(EXERCISE DESCRIPTION): Give back an exact copy of the listing that follows, without the pictures.

(COLLECTED DATA):

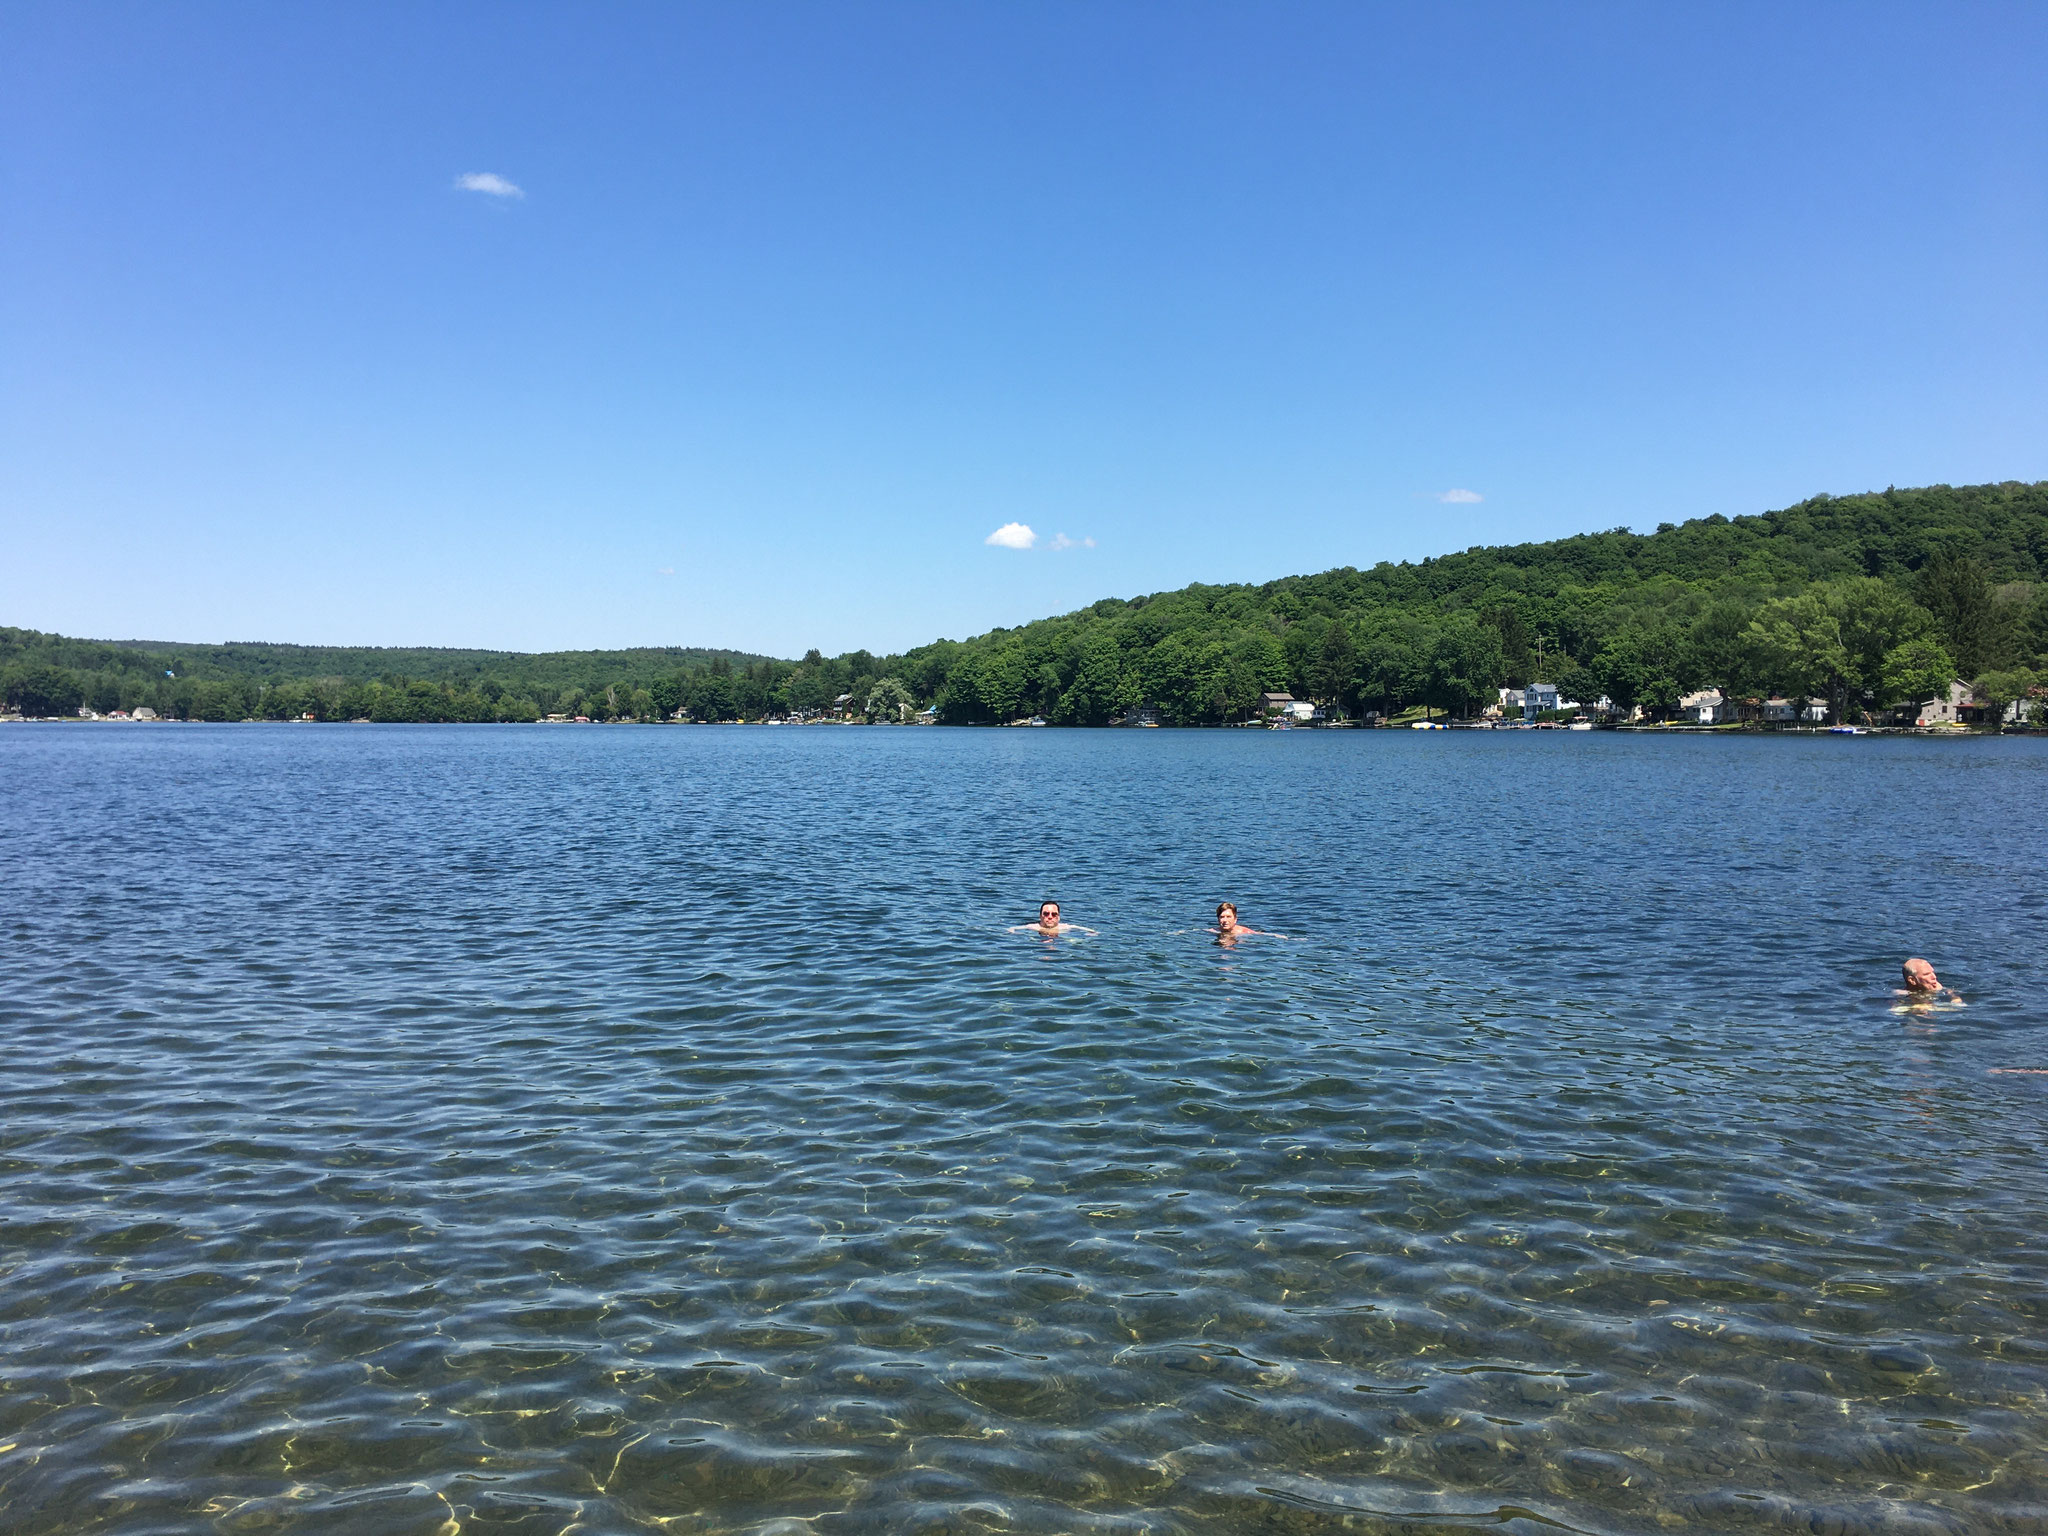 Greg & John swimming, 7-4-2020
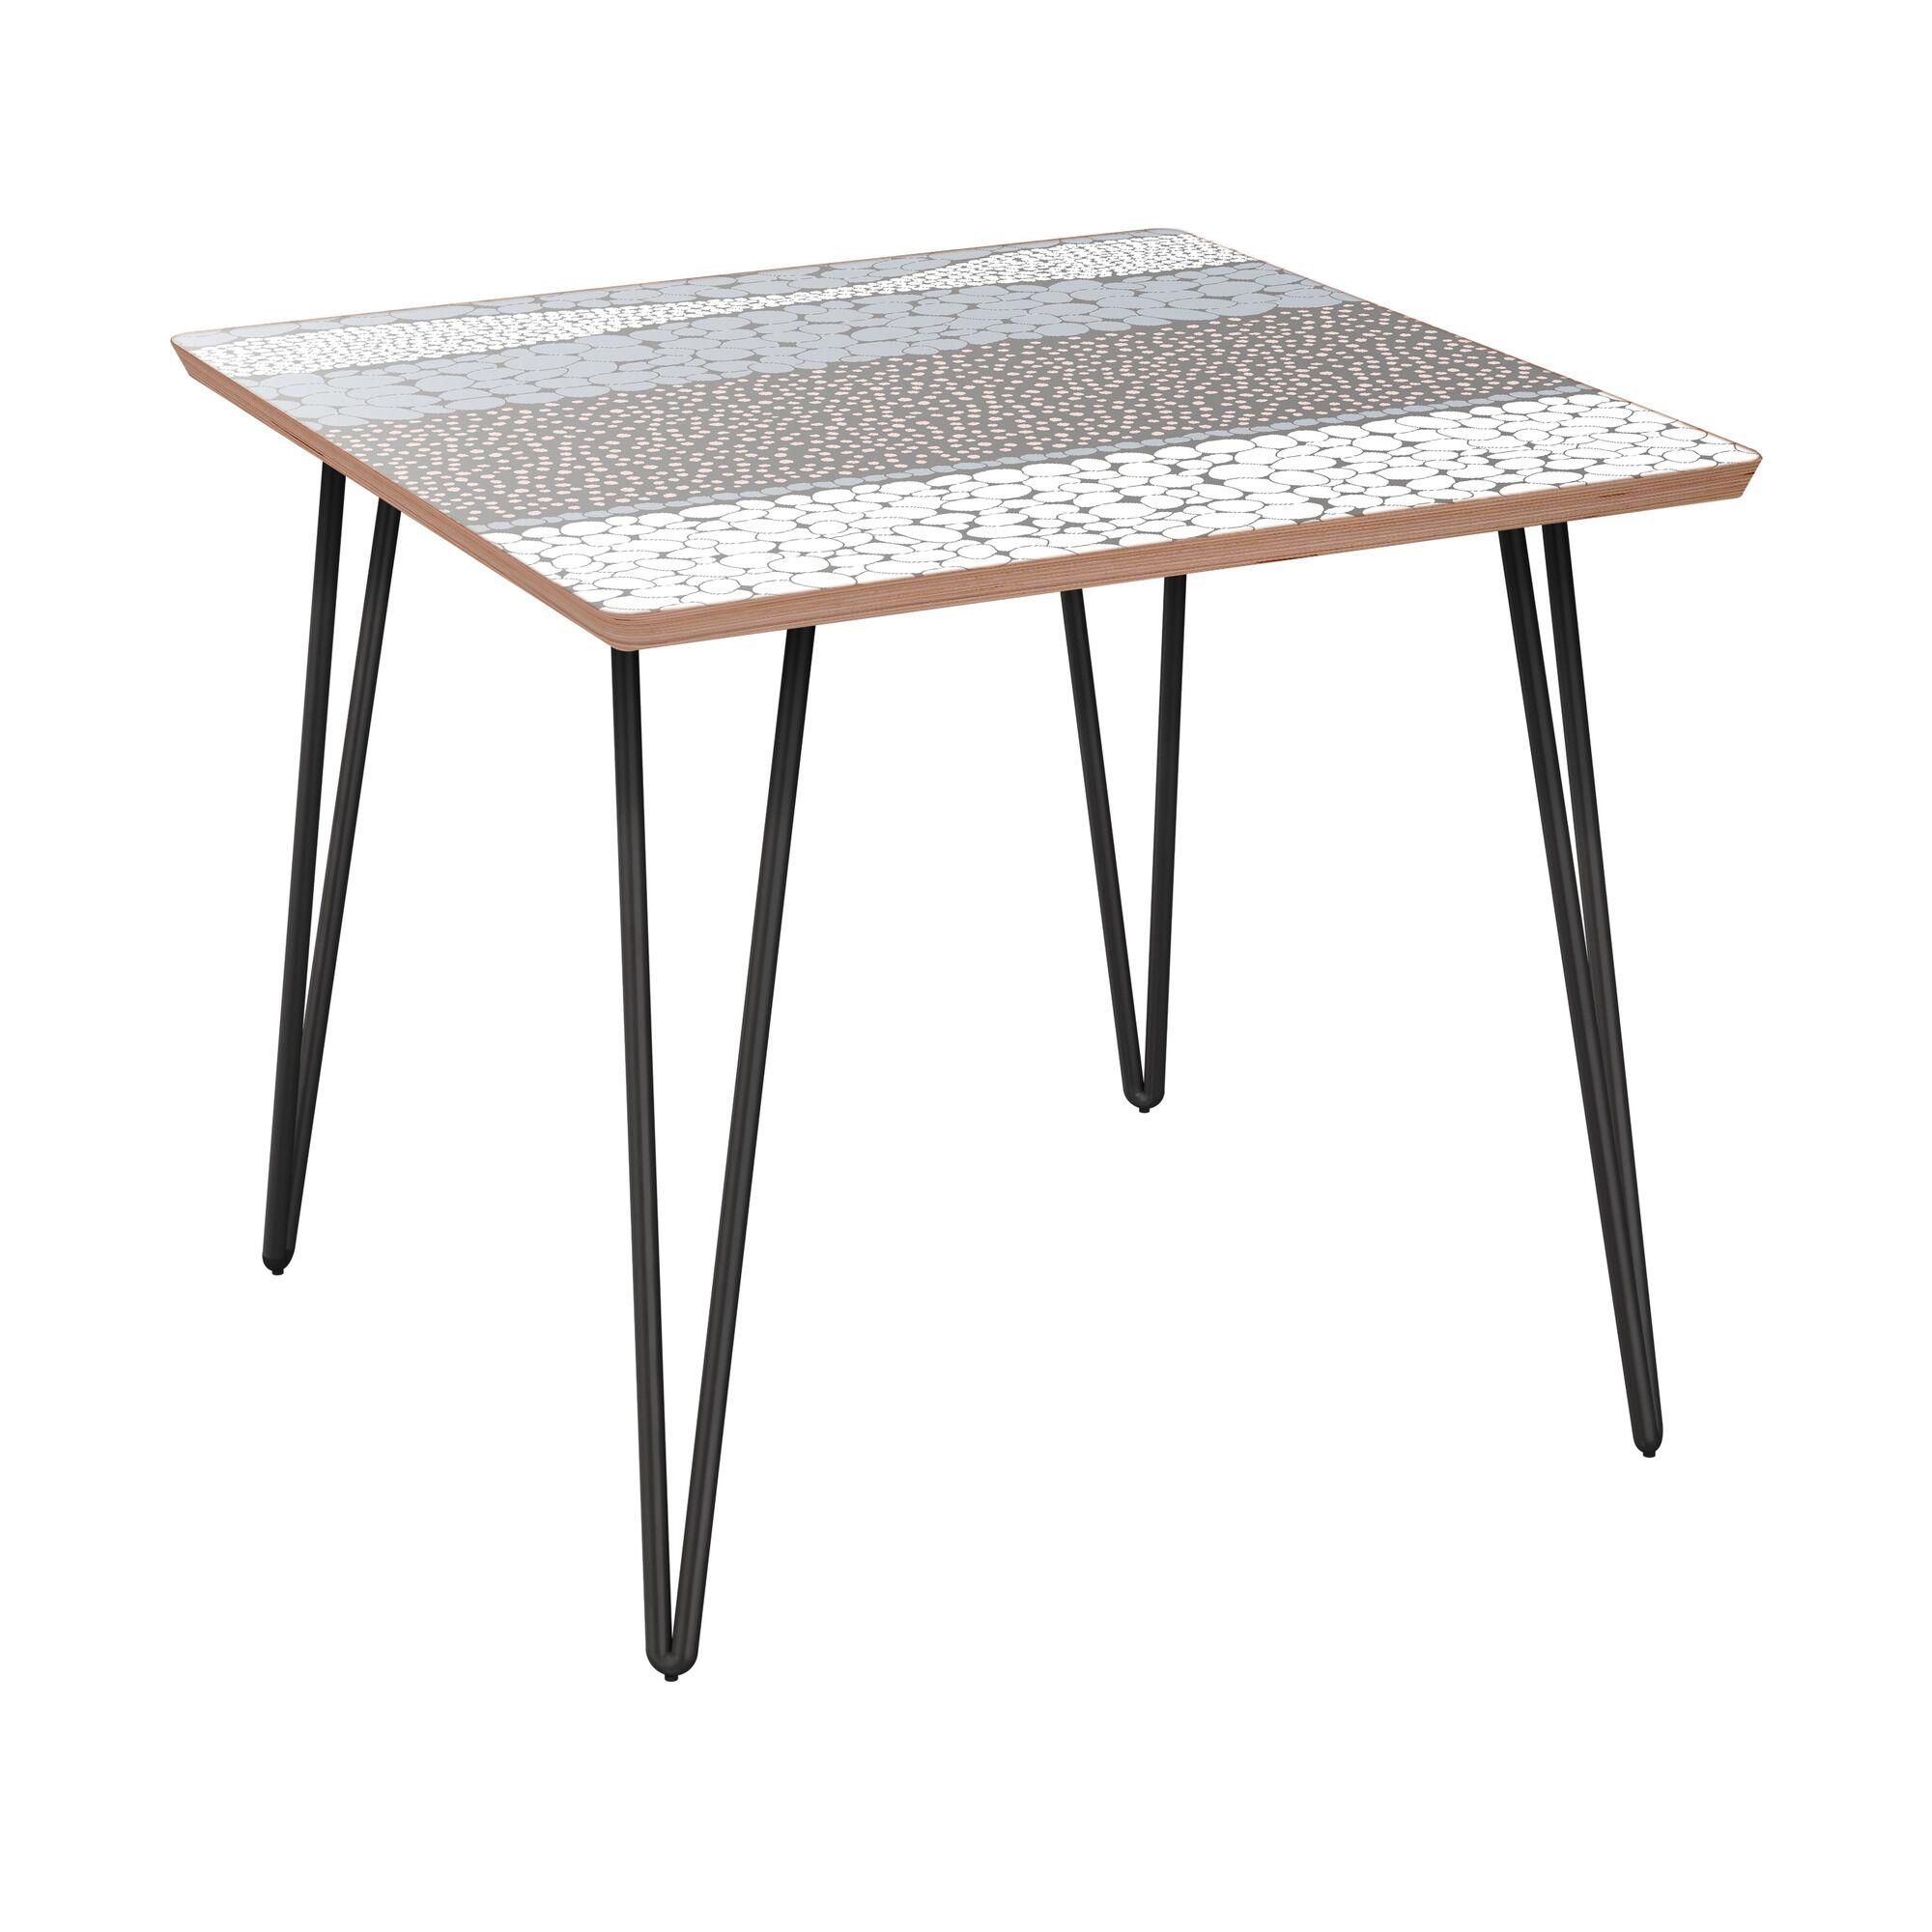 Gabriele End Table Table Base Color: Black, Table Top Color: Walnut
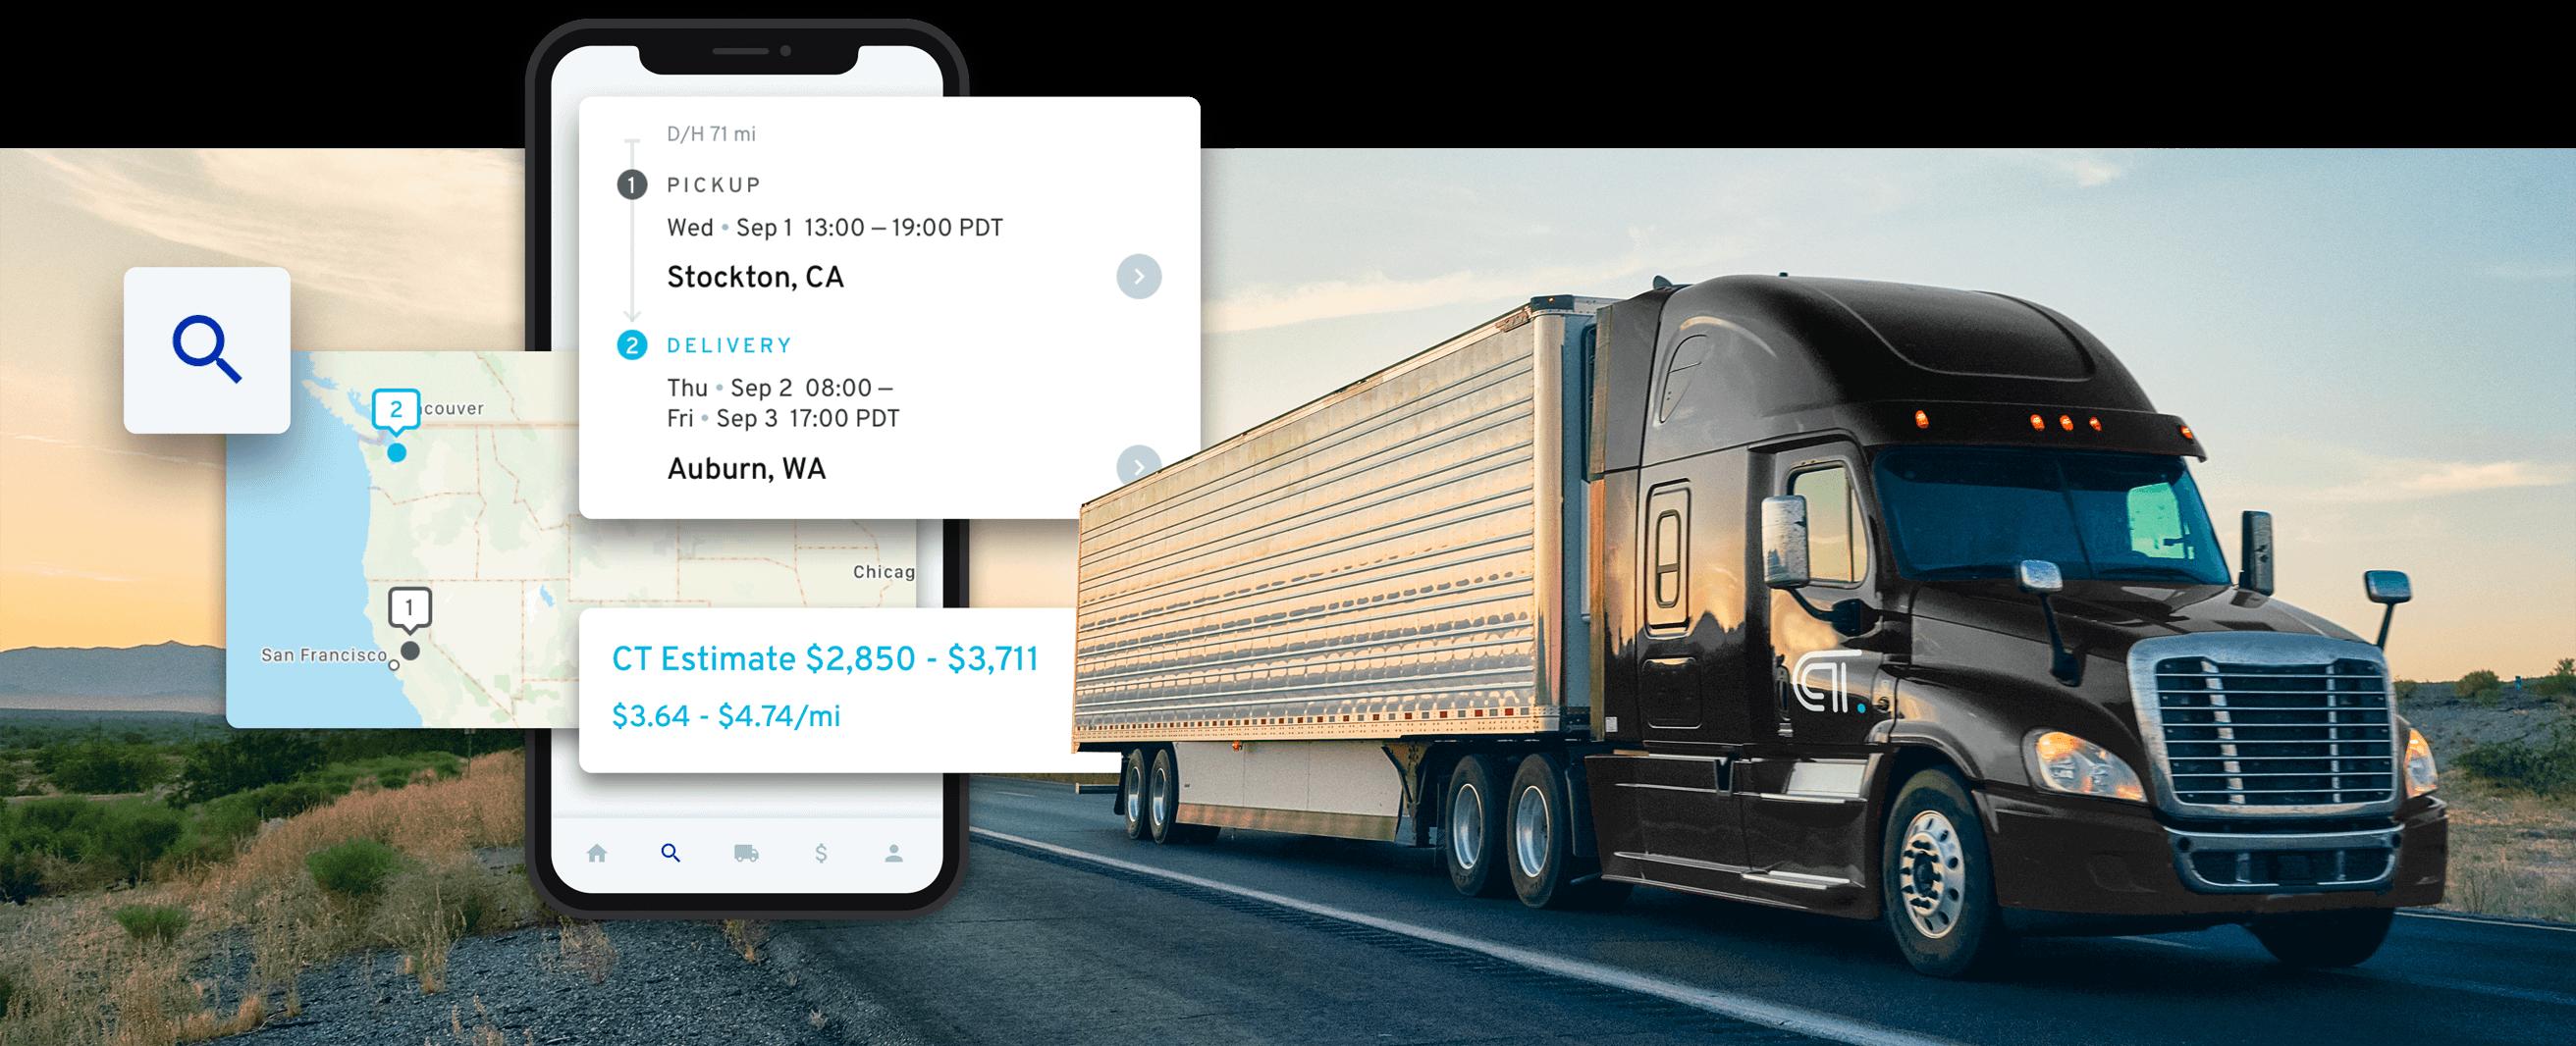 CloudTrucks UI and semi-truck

(RESPONSE FOR THIS EXERCISE):
 Greg & John swimming, 7-4-2020
 Gabriele End Table Table Base Color: Black, Table Top Color: Walnut
 CloudTrucks UI and semi-truck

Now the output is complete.